Friday, October 23, 2009

Project update: interview requests sent

Last night, I sent off interview requests to four EMU faculty members, along with the interview guidelines document, which I will re-print here.  This essentially is a schedule for each interview session:
  1. Briefing
    1. Talk about the recording equipment, how recording will be used
    2. Talk about the photography at the end of the session
  2. Interview
    1. Question: Tell me about the earliest experience you can remember where you thought about God.
    2. Question: Tell me about when you started to become interested in theology in the formal, academic sense.
    3. Question: What is theology to you now? How do you think about it? How do you practice it?
  3. Debriefing
    1. Make observations about themes I heard in responses, and ask for clarifications or elaborations
    2. Ask if there's anything else they'd like to share
    3. Promise that transcripts will be delivered and approval asked for
    4. Promise that final product will be made readily available to them
    5. Thank them for the interview, prepare again for the photography
  4. Take Photos

My prof, Howard, also suggested that I be ready with a list of follow-up questions for each listed above, so I still have to get those ready before I do the first interview.  I haven't heard back from any of them yet, but read on if you're interested in who they are...

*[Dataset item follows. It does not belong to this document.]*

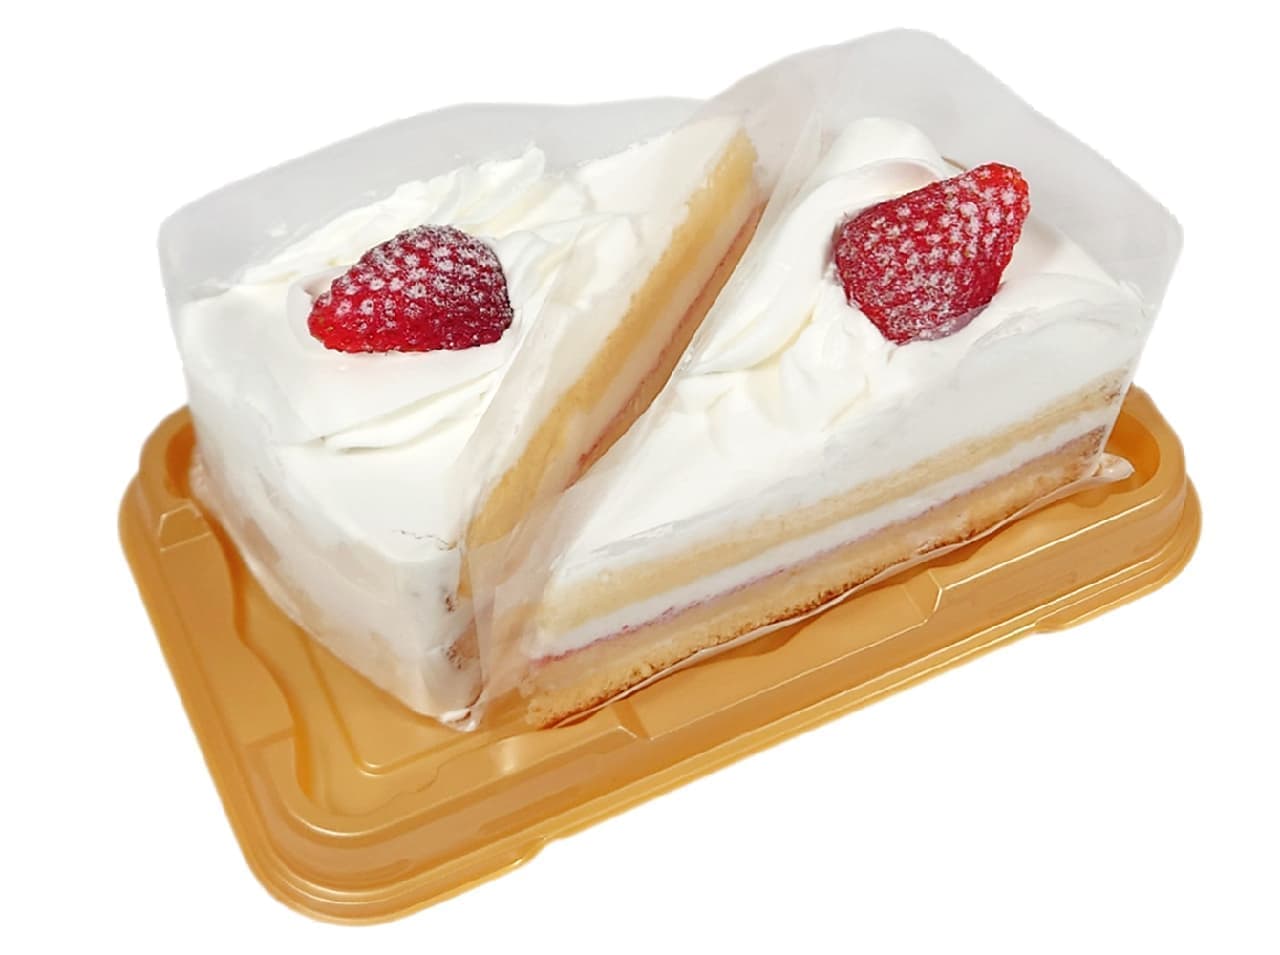 7-ELEVEN "7 Premium Strawberry Shortcake 2-pack

Heidi Miller Yoder, who is an assistant professor in the undergraduate Bible & Religion department.  Her mother teaches in the seminary and her father is my spiritual director.  Mennos like to keep it in the family.  She was the coordinator for when EMU brought Brian McClaren to campus last spring, which was fun.  I think she's in the final stages of her dissertation work, and I believe she's focusing on a recently-discovered early Anabaptist, civil engineer/theologian, Pilgram Marpeck.  I wrote a paper on baptism, comparing Marpeck and Calvin, for "Christian Tradition" last spring and had a great conversation with Heidi, who pointed me toward some great material.  Anyone who is familiar with Mennonites will see that Heidi is almost certainly a lifelong Mennonite.

Lisa Schirch, professor of peacebuilding at the Center for Justice & Peacebuilding and executive director of the 3D Security Initiative.  She taught one of my first classes at the CJP last fall, and she's awesome.  A lifelong Mennonite, but formally trained in the social sciences perspective on issues of peace and security.  So she has a way of looking at theology and peacebuilding that is probably much different than, say, my theology professor.

Mark Thiessen Nation, who is the professor of theology at the seminary.  He's also my neighbor.  I haven't had any theology classes with him yet, but he did co-teach the year-long "Christian Tradition" class last year.  I really like talking to him, and he was very helpful at providing me reading material for a "Faith-based Peacebuilding" class I took this past summer through the Summer Peacebuilding Institute here at EMU.  If you look to the right in the "required reading" section, the two books listed (for now) are ones that he handed me.  Mark is a convinced Anabaptist Mennonite, not having grown up in the tradition, coming to it through its theological-ethical qualities.

Peter Dula, assistant professor of religion & culture in the undergrad Bible & Religion dept.  I haven't run into Peter much yet, and that's part of why I chose to ask him for an interview.  His credentials interest me, so I'm looking forward to hearing his perspective.  I'm also not sure of how Peter came to teach at an Anabaptist school, although some of his work references John Howard Yoder, so I have some guesses based on that.
I should also notes that earlier this year, we had a round-table discussion called "Toward a Theology for Conflict Transformation" on campus.  Lisa, Mark, and Peter were all active participants in this discussion, and I see this project as a continuation of that discussion.